More photos: Darwin/Chicago 2009

The philosophy/history and biology sessions were held simultaneously, and as I had to stay with my people, I didn’t get to hear folks like Genie Scott, Dan Dennett, Philip Kitcher, and the like. But all their talks will soon be on the website, and I’ll let you know when they’re up. Here are a few more snaps from the conference:

Futuyma Tiktaalik

Fig. 1. Looking dubious (or maybe just myopic), Doug Futuyma inspects the cast of Tiktaalik roseae that Neil Shubin brought to accompany his talk. The cast was the biggest star of the meeting.

Janet 3

Fig. 2. Janet Browne, author of the magisterial two-volume biography of Darwin

Schoener Kingsley

Fig. 3. Tom Schoener and David Kingsley

Dennett Bob 2

Fig. 4. Dan Dennett and co-organizer Bob Richards

Genie

Fig. 5. Genie Scott

His Crackerness

Fig. 6. Is that a Cuba Libre, Dr. “Pretty Zonked” Myers? The Zedster tanking up shortly before he was caught in flagrante delicto with Michael Ruse.

książki

Fig. 7. What Dr. Coyne feels like today.

Trying to speak objectively, I think the meeting was pretty successful, at least from the biology end (as I said, I didn’t see the history/philosophy talks). The talks were as I requested: broad overviews — not narrow research summaries –that were comprehensible to the biologically informed layperson. And the speakers delivered the goods, with entertaining and engrossing presentations. I know I learned a lot! Thanks to all who came, and especially to Bob Richards, who, though listed as “co-organizer” with me, really did the mastodon’s share of the work. This conference was largely his vision and his accomplishment.

h/t: Malgorzata Koraszewska for the Darwined-out puppy

9 thoughts on “More photos: Darwin/Chicago 2009

  1. The talks were as I requested: broad overviews — not narrow research summaries –that were comprehensible to the biologically informed layperson.

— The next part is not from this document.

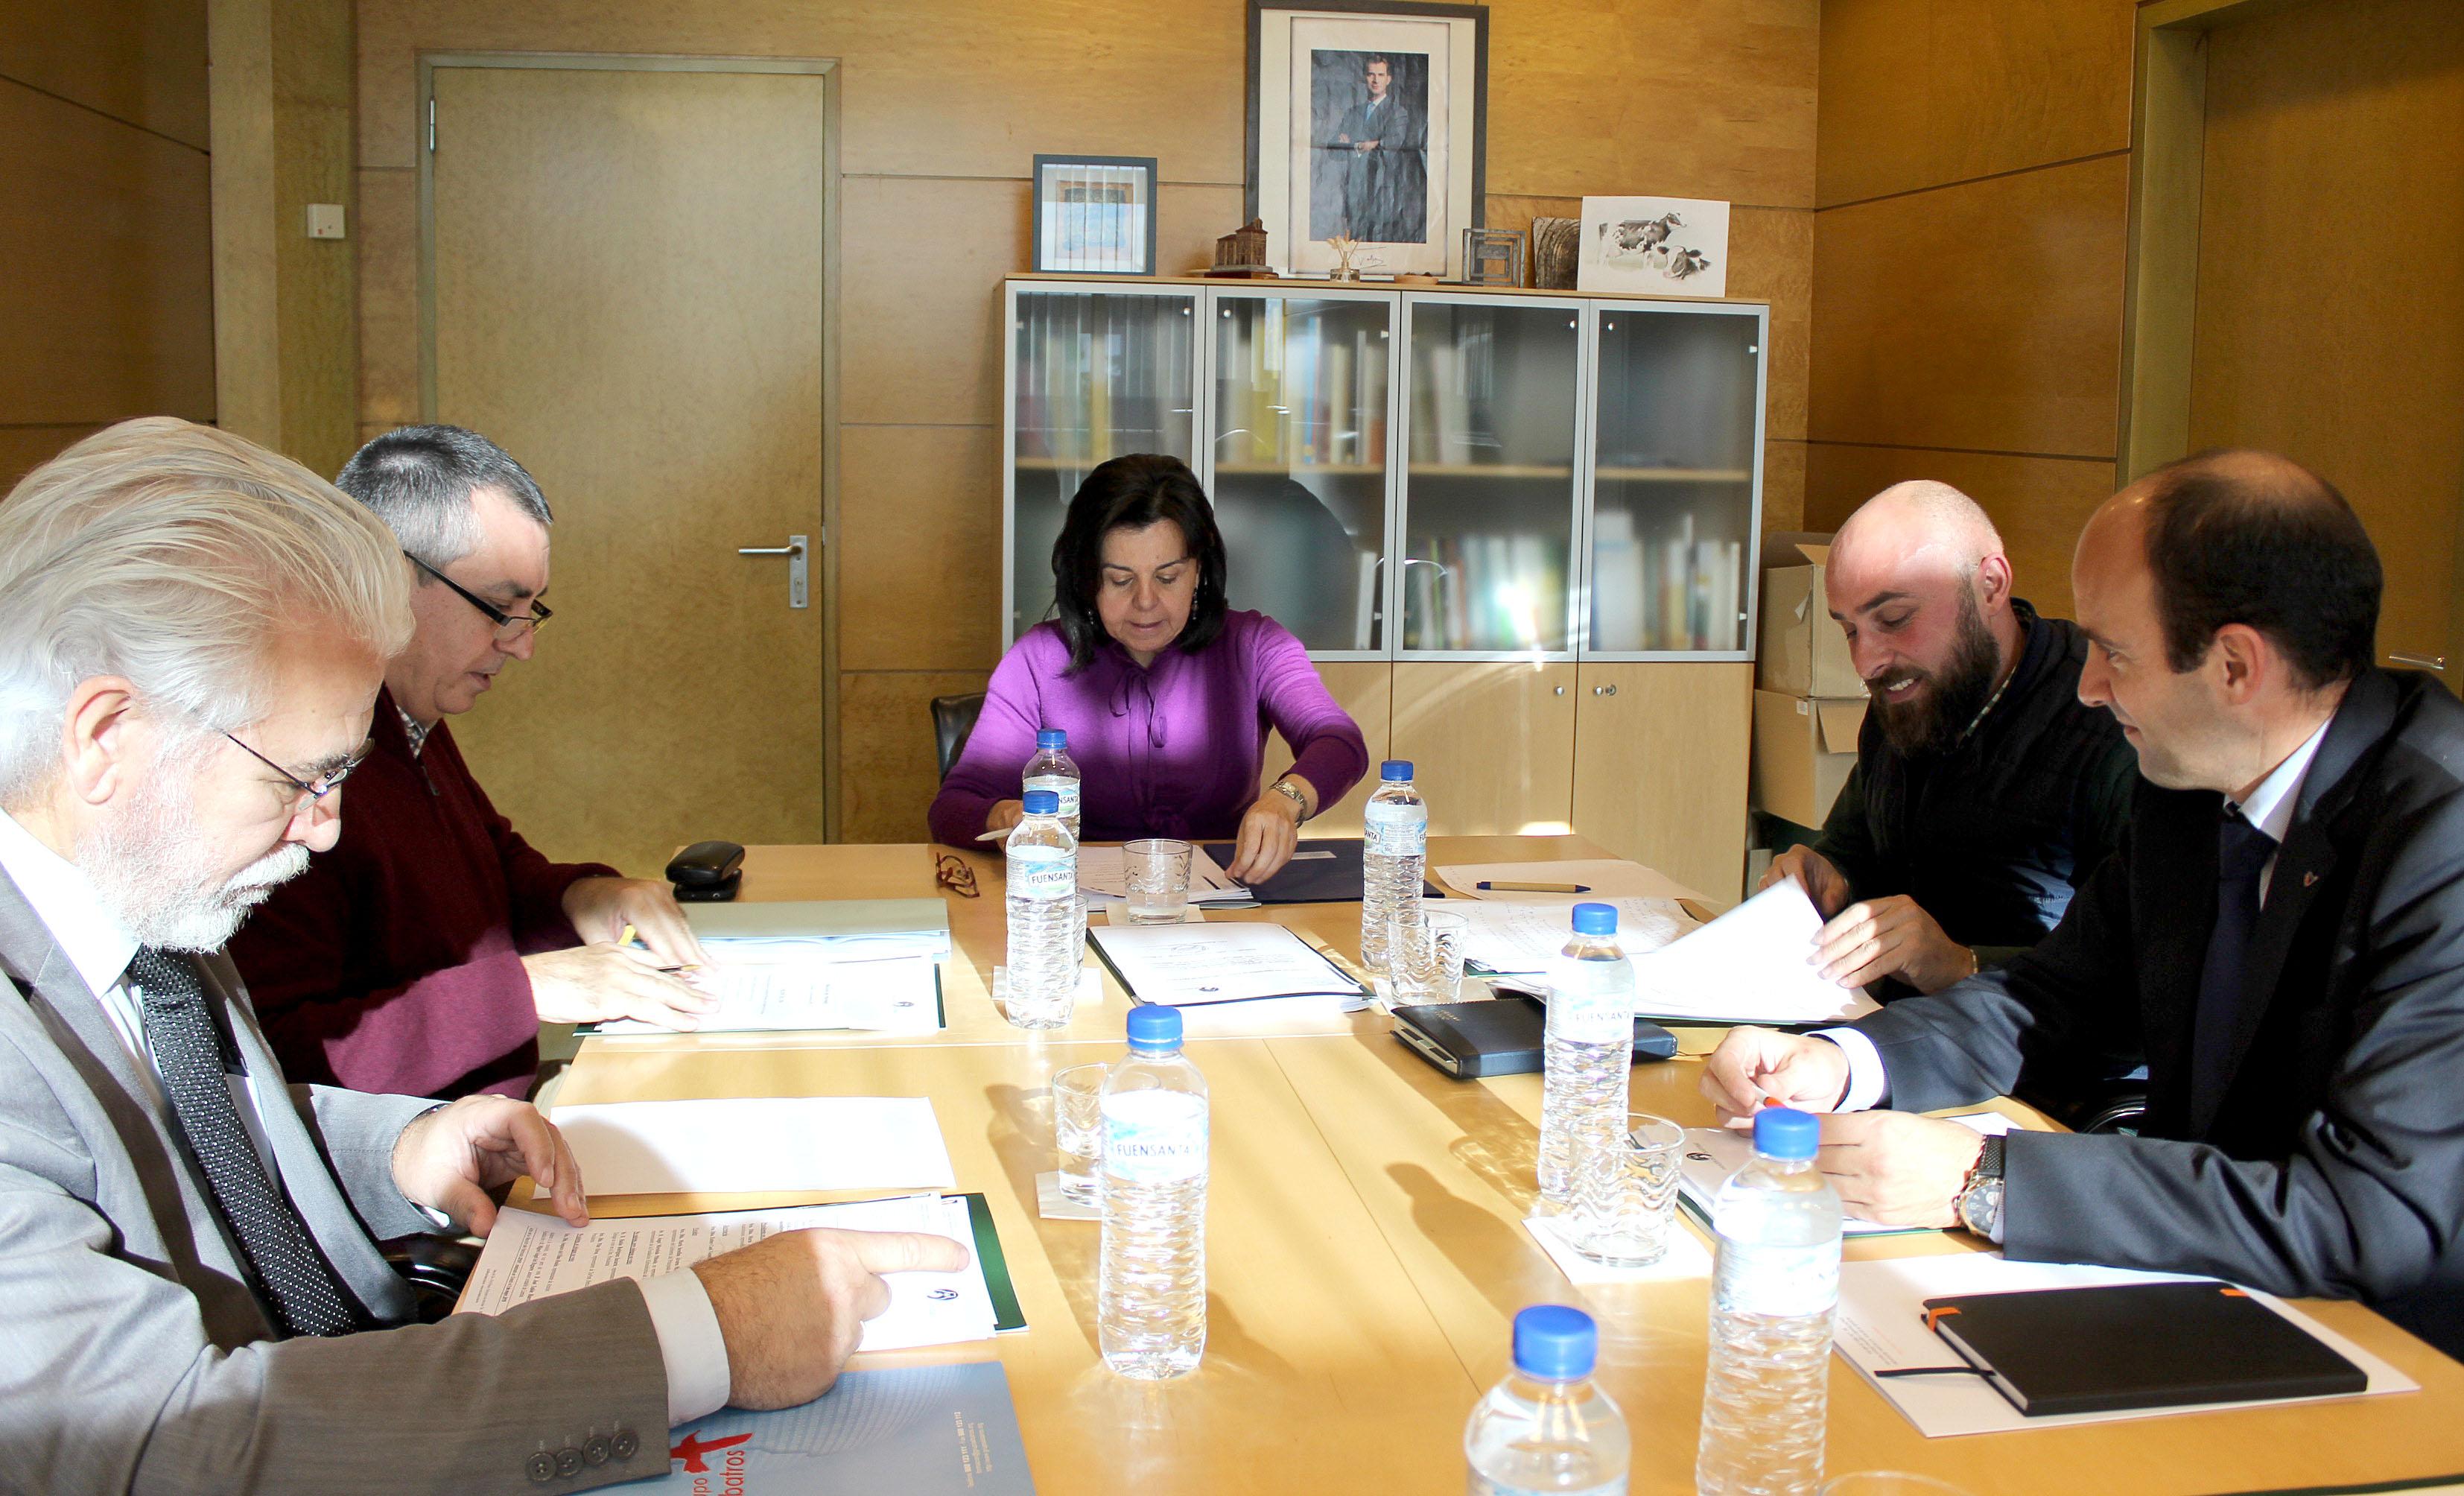 La Fundación Oso Asturias ampliará sus actividades educativas a otros territorios oseros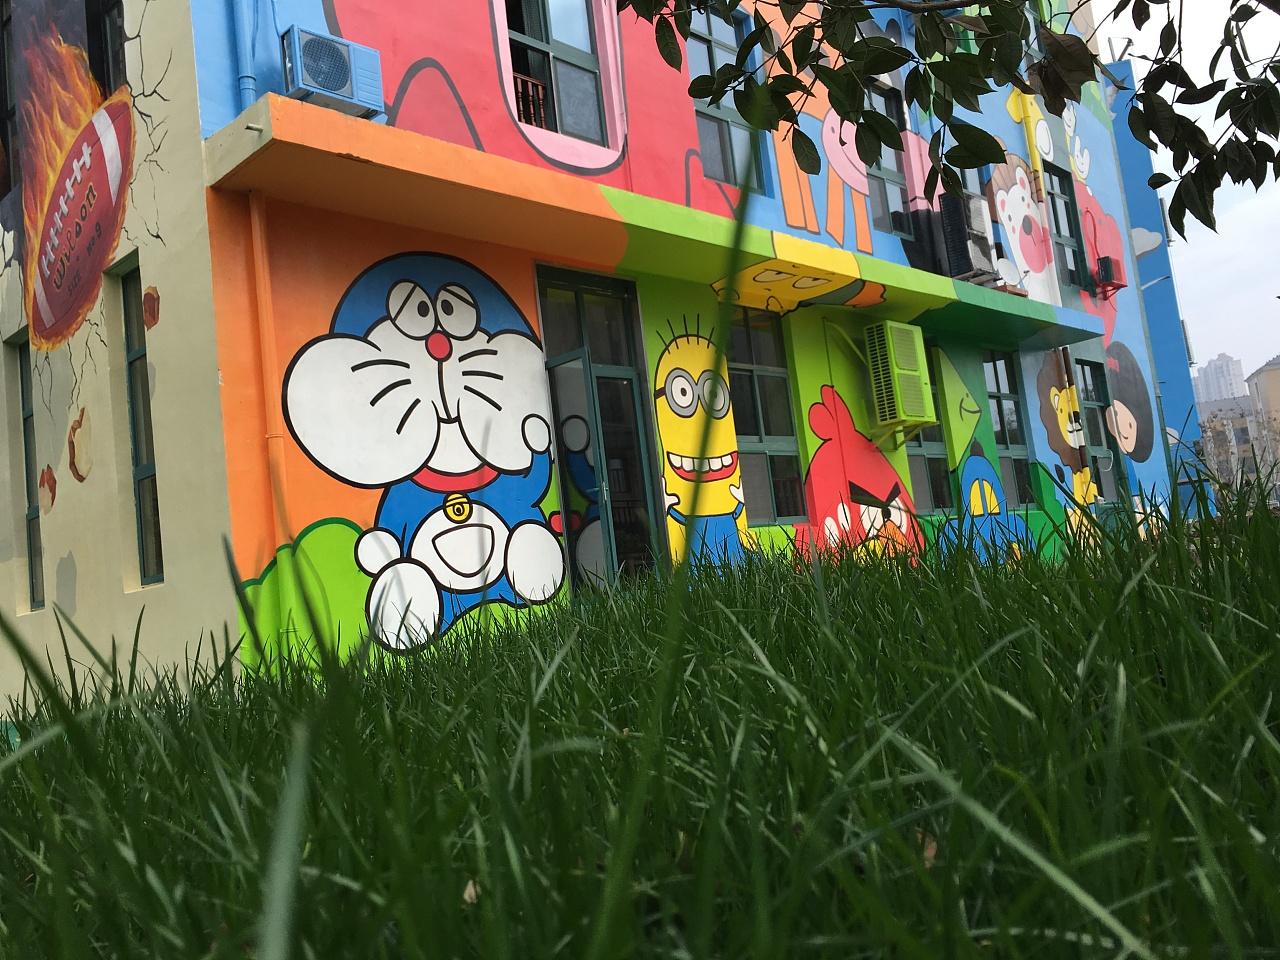 新空间墙绘艺术装饰, 墙绘学校 彩绘幼儿园图片

    I read PZ Myer’s summaries of the talks he attended. A couple of those seemed to be a bit narrow. One of them even perplexed PZ. Thanks to PZ for his hard work. I could not attend, listen and blog simultaneously as he did.

    I am enthusiastically awaiting the posting of the talks.

    1. Nope. I took my cue from Steve Gould’s absolutely true comment: “Symposium volumes are the world’s greatest repositories of unread scientific literature.”

      1. Right. The only people typically tempted to read such things are those writing a review paper. And if conference papers do happen to land in a review (less likely than “real” papers), they are probably only cited (if at all) from people reading the review who haven’t actually read the paper they’re citing. Baaaad scholarship. And those papers still remain basically unread.

  2. …”broad overviews — not narrow research summaries –that were comprehensible to the biologically informed layperson.”

    I found this to be mostly true. I am not trained in biology, but I was able to follow most of the biology talks without too much trouble. Sereno’s talk on phylogenies left me bamboozled, but that might have been because of the chicken sandwich. Thanks for the great conference!